Так это и продолжалось ровно три четверти – на уроках математики я читал своих любимых классиков, получал колы и двойки, но дома, чтобы не отстать от Славки, исправно читал учебник, выполнял все домашние задания и потому на контрольных получал четверки. Пятерки математичка не ставила мне из чистой мстительности, да и было за что – регулярно перед ее уроком я на школьной доске писал на нее эпиграммы. Поскольку в школе был только один записной поэт школьной стенгазеты, ей нетрудно было угадать автора этих эпиграмм. Таким образом, по трем предметам – алгебре, геометрии и тригонометрии – у меня за четверть набиралось штук двадцать двоек и пять-шесть четверок, что в среднем давало тройку в конце четверти.
Только в конце года я опомнился, пришел к директору школы и сказал:
– Мария Исаевна, если я все выпускные экзамены сдам на «отлично», мне дадут медаль?
– Ты не сдашь на «отлично», – сказала Мария Исаевна.
– Сдам, – сказал я. – Я знаю математику не хуже Наумова, а Славка идет на медаль.
– Знать ты, может, и знаешь, но она тебе «отлично» никогда не поставит.
– А если я всё отвечу?
– Это уже не поможет, ты ее три четверти доводил…
– Но я же еврей, Мария Исаевна! Без медали меня не примут в университет!
– Раньше нужно было думать и меньше эпиграмм писать! Иди отсюда, медалист сраный! – сказала Мария Исаевна.
Я ушел и стал, как зверь, готовиться к выпускным экзаменам – ну как, я думал, можно влепить человеку четверку, если он на устных экзаменах всё ответит, а на контрольных решит все задачи?
Наступил июнь, кончилась четвертая четверть. По всем предметам, кроме английского и математики, у меня были пятерки. Английский я на «отлично» выучить не мог ни тогда, ни даже за тридцать лет эмиграции, но четверку я у англичанки легко зарабатывал переводами английских поэтов, и особенно ее любимого Томаса Мура…

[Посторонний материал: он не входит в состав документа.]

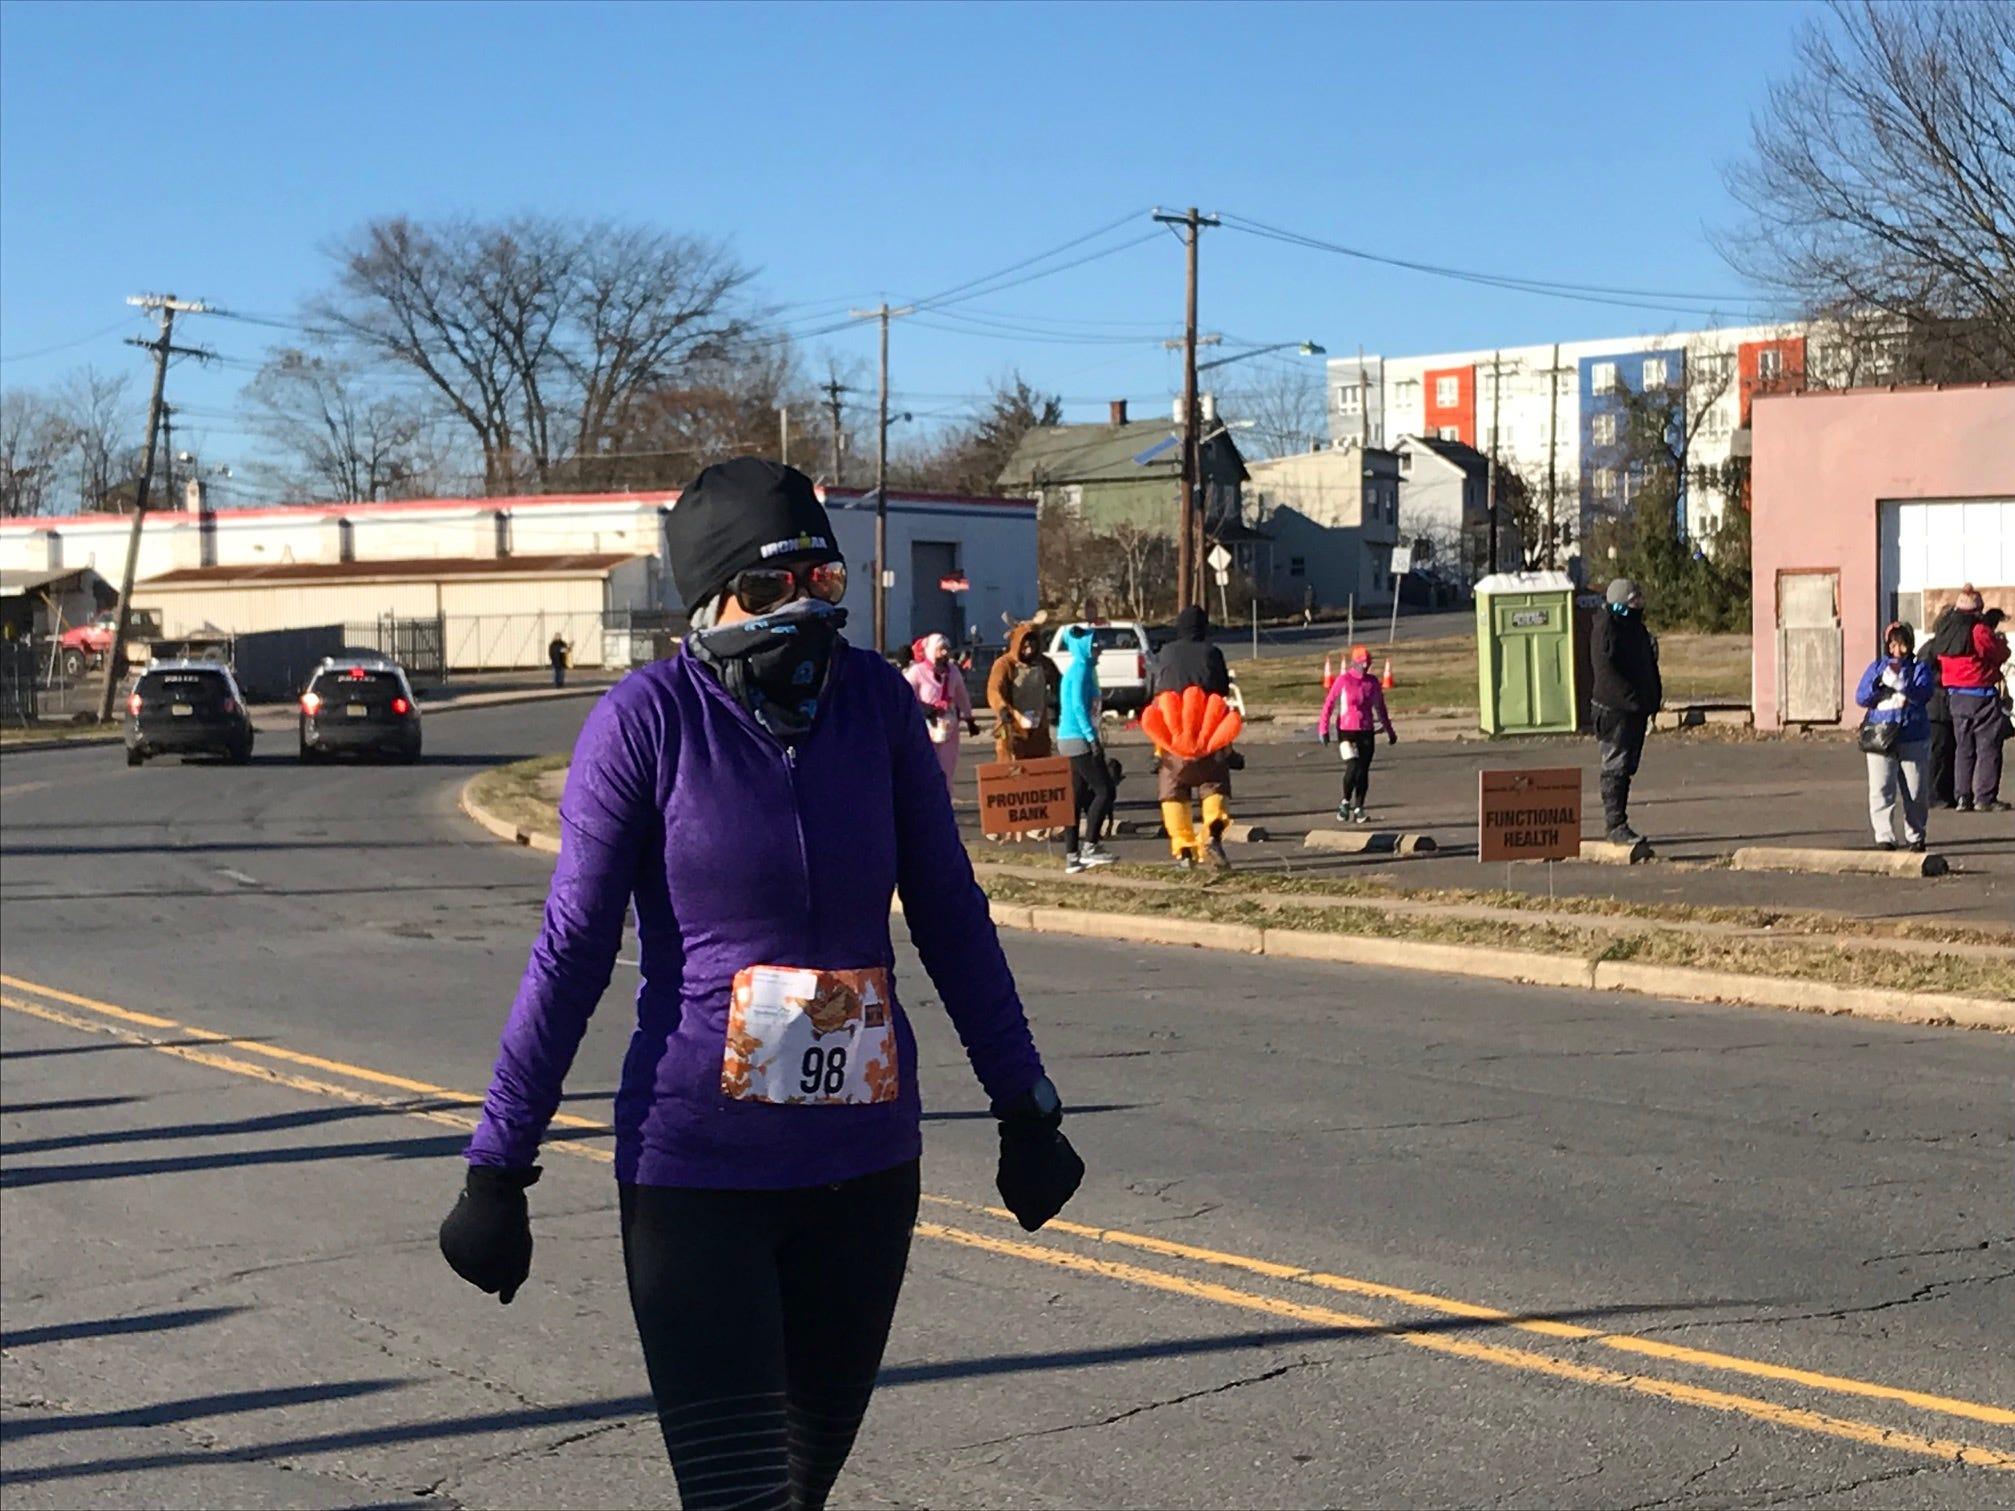 A bundled up runner prepares to run in the Somerville 5K Turkey Trot on Thanksgiving.

Если бы я сдал математику на «отлично», я – с одной четверкой в аттестате – получил бы серебряную медаль.
Но Мария Исаевна оказалась права – на выпускных экзаменах математичка сквиталась со мной за все мои эпиграммы и лишила меня медали.
Убитый, я после последнего экзамена плелся по городу. В 1955 году поступить еврею без медали в университет, даже в Бакинский, было нереально, это знал в городе каждый.
Я плелся по городу и думал, что будет с моими родителями, если я покончу с собой – брошусь вниз головой с Девичьей башни в Старом городе или утоплюсь в Каспийском море.
Проходя по Торговой улице, я увидел, что в кинотеатре «Вэтэн» (Родина) идет новый фильм «Белоснежка и семь гномов». Чтобы не идти домой, я зашел в кино.
Через два часа я вышел на улицу другим человеком.
Мне было наплевать на математичку, на четверки в аттестате и вообще на все на свете! Мир опять обрел свои волшебные, свои переливчатые краски и звуки. Вокруг меня из растворов бакинских дворов снова доносились запахи шашлыков, стук нард и громкоголосые мугаммы. Гудели, проезжая, машины – просто так, чтобы все слышали владельца этой «Победы» или «Москвича». На перекрестках стояли компании парней в кепках-«аэродромах», они курили папиросы «Беломор» и прицокивали языками вслед каждой проходящей девушке:
– Вах-вах-вах! Какая жопа!..
А я шел мимо них домой и весело, громко пел куплеты гномов.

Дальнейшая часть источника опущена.